Data shown >>
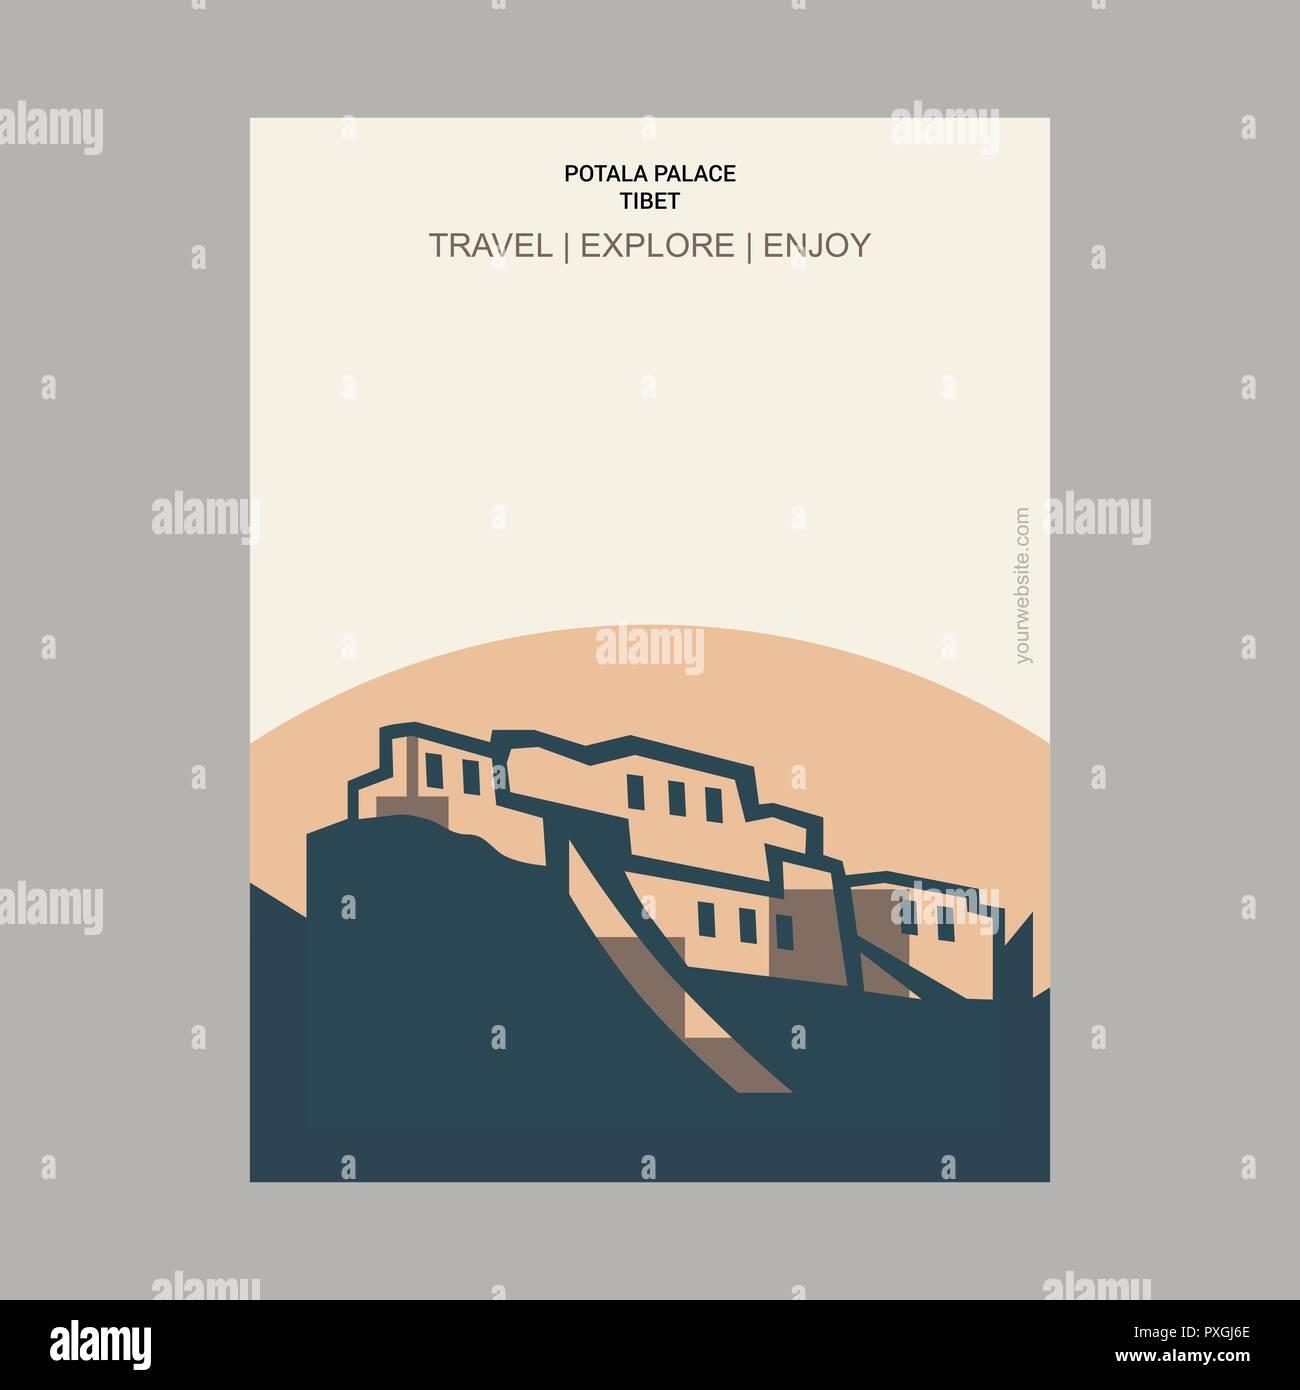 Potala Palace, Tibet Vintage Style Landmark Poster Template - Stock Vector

---

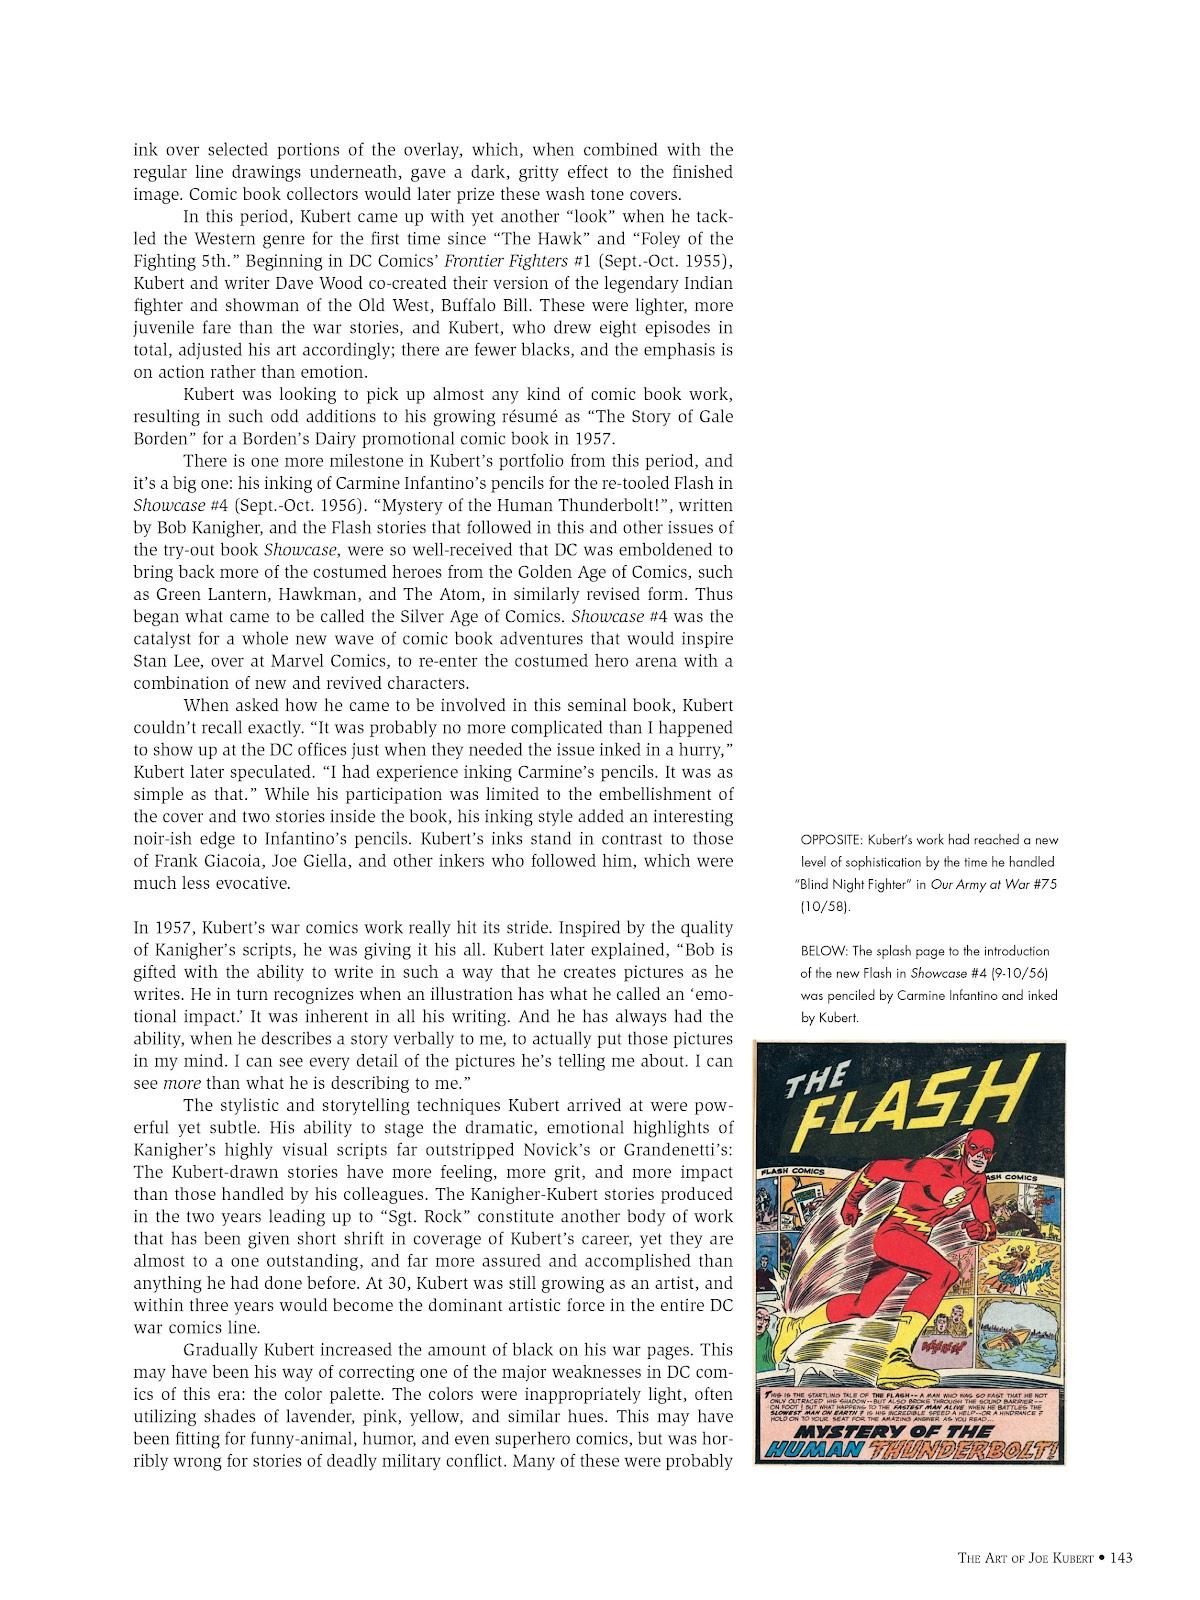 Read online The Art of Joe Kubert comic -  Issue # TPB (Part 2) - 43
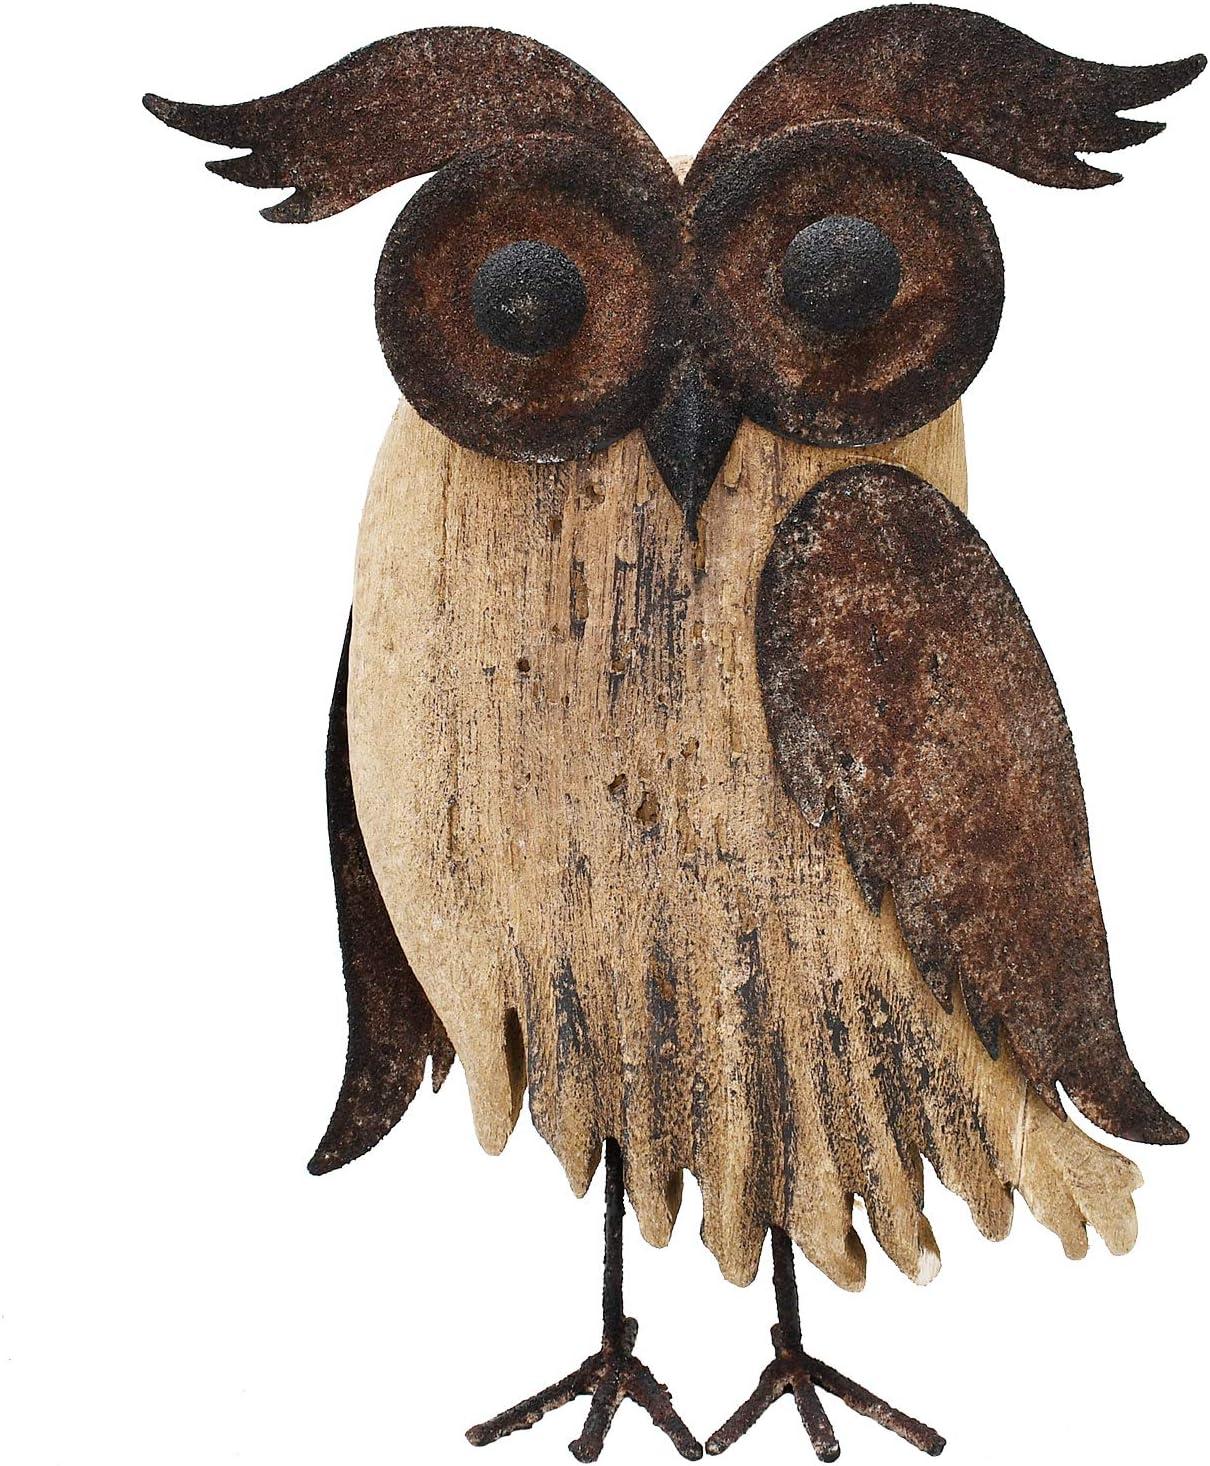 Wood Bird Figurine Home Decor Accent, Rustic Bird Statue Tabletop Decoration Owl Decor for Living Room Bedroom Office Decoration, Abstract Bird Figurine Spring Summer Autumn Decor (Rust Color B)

Problem statement >> Among the entries above, find the line with "Read online The" and repeat exactly from there through the line with "Wood Bird Figurine", leaving out the pictures.

Reply >>
 Read online The Art of Joe Kubert comic -  Issue # TPB (Part 2) - 43
 Wood Bird Figurine Home Decor Accent, Rustic Bird Statue Tabletop Decoration Owl Decor for Living Room Bedroom Office Decoration, Abstract Bird Figurine Spring Summer Autumn Decor (Rust Color B)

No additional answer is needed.